November 14, 2013

Resuming debugging of analytical gradient.

I noted yesterday that the error we observed in K' was small -- on the order of 1e-5 -- implying that it wasn't sufficient to explain the end-to-end error we're seeing. But we should put that into context. The delta from the numerical gradient is 1e-7, so the error in K' is around 1%, i.e. in the noticible range.

Also remember that running analytical grdient using the K' from the numeric algorithm showed no noticible change to resutls. So K' probably *isn't* the issue.

Today's strategy: implement a legitimate test-bed that we can run for several deltas and get all intermediate values for both numeric and analytical gradient.

Implemented, examining results.

Okay, this is weird. All of the partial derivatives have low error (1e-5), but the final derivative of g(x) is huge (0.1).

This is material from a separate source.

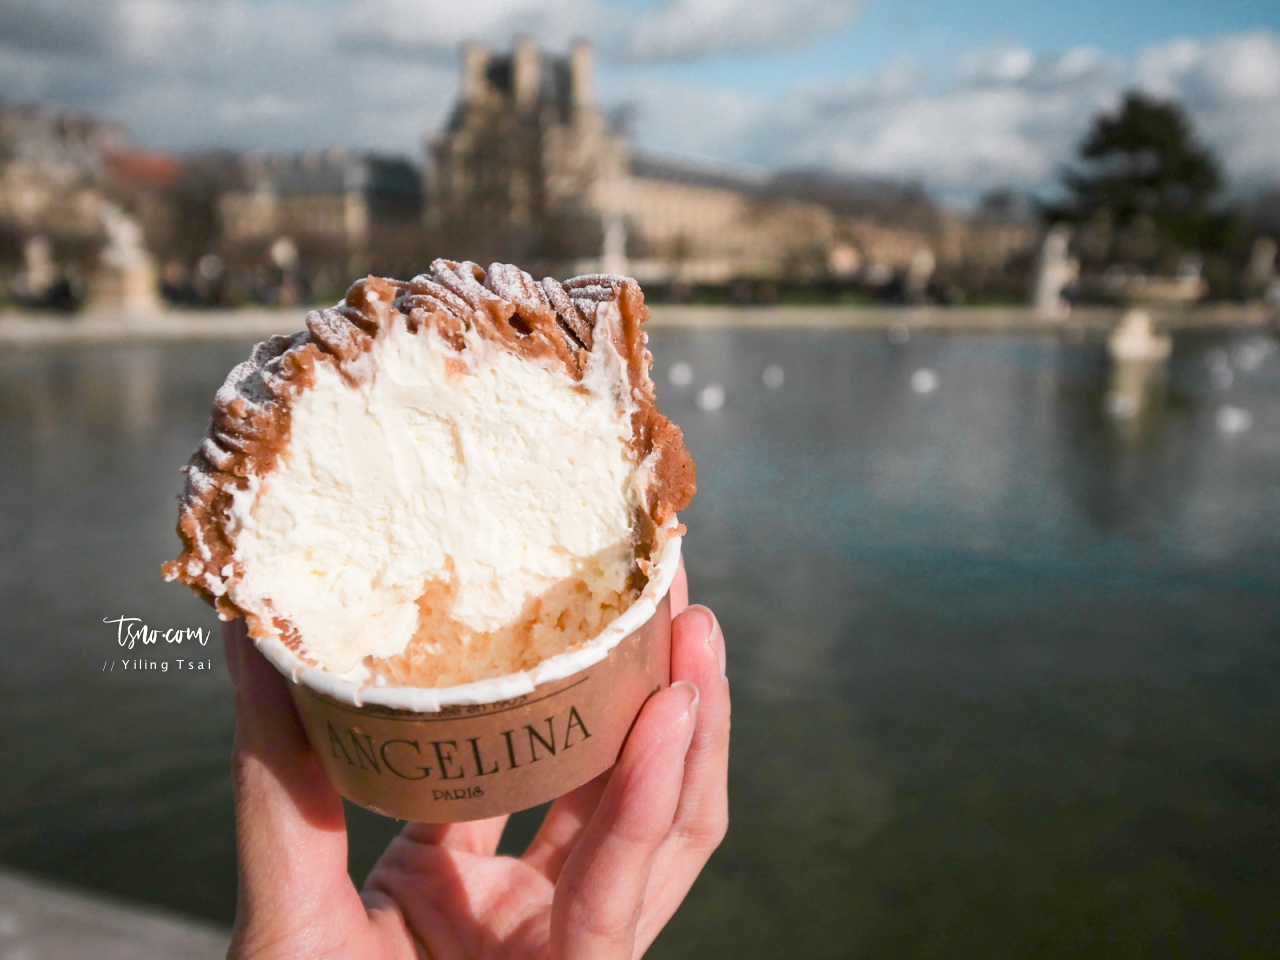 法國巴黎甜點推薦 Angelina Paris 經典百年甜點 招牌巧克力、蒙布朗

Consider the analytical expression we're using for the gradient of g(x)

```
g' = -0.5 * y^\top * S^\top * V' * S * y
```

Plugging-in the numerical estimate for V' above should give something close to the numerical estimate for g'. But they're nowhere close.

```
>> -0.5 * y' * S' * dV_hat * S * y
ans =
-0.1015
>> g_hat
ans =
0.0522
```

Stated differently, if we propagate the error in dV_hat through the expression for g', this theoretical error in g' is far smaller than the true error in the analytical expression for g'.

This strongly suggests there's a problem in our expression for g', that the error is not due to approximation or precision issues. But if g' is so wrong, why are so many elements of the gradient so close to being correct? Recall the plot of gradients from yesterday, shown below.

Element 22 (the element under scrutiny in the tests above) has large error, but several other elements are nearly perfect. This suggests that if there is a problem in our expression.

Is it possible there's a bug in the test logic? Maybe we're using the wrong field for y or S? Or maybe when we perturb x, we aren't updating all the intermediate fields?

**Got it!** We're neglecting the change in the normalizing "constant", Z. In the usual scenario, Z is constant w.r.t. the Gaussian distribution input y, but it is most certainly a function of the values of the Sigma matrix.